Dataset records: Begin

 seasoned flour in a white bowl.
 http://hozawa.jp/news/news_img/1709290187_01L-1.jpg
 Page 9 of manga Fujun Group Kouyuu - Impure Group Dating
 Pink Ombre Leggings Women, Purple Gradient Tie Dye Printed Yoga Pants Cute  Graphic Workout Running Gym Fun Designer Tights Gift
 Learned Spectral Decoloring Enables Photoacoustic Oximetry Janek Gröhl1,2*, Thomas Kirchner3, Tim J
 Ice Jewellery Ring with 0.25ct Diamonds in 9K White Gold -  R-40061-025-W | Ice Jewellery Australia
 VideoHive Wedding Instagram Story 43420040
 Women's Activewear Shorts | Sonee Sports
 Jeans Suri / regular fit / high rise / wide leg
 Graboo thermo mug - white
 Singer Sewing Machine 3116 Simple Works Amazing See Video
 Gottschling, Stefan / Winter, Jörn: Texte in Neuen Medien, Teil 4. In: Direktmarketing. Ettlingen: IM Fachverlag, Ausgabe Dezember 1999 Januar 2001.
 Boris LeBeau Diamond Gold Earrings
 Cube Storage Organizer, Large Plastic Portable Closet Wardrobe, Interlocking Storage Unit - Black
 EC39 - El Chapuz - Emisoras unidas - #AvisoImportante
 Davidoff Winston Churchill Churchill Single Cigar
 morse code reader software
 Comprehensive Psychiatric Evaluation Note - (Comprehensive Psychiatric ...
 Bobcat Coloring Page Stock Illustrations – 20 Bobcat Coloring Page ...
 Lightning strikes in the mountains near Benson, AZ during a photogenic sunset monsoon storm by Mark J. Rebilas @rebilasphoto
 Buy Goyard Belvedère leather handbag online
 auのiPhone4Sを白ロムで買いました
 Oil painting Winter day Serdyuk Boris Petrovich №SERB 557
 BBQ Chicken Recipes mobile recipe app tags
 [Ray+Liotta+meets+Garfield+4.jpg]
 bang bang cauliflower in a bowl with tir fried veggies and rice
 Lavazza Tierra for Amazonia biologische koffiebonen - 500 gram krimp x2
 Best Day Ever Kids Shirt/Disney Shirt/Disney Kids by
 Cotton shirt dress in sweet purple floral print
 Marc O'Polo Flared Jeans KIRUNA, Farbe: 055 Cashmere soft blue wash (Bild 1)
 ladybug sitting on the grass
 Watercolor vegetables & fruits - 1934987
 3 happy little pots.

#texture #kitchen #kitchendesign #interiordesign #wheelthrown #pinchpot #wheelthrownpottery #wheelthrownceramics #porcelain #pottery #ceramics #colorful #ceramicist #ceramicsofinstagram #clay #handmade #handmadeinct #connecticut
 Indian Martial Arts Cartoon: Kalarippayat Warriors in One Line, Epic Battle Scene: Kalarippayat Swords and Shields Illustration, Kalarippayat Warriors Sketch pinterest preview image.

Dataset records: End

• What you are asked to do
All lines above from the one containing "Best Day Ever" to the one containing "#texture #kitchen #kitchendesign" must be repeated exactly, both lines included, and no others.

• The answer
 Best Day Ever Kids Shirt/Disney Shirt/Disney Kids by
 Cotton shirt dress in sweet purple floral print
 Marc O'Polo Flared Jeans KIRUNA, Farbe: 055 Cashmere soft blue wash (Bild 1)
 ladybug sitting on the grass
 Watercolor vegetables & fruits - 1934987
 3 happy little pots.

#texture #kitchen #kitchendesign #interiordesign #wheelthrown #pinchpot #wheelthrownpottery #wheelthrownceramics #porcelain #pottery #ceramics #colorful #ceramicist #ceramicsofinstagram #clay #handmade #handmadeinct #connecticut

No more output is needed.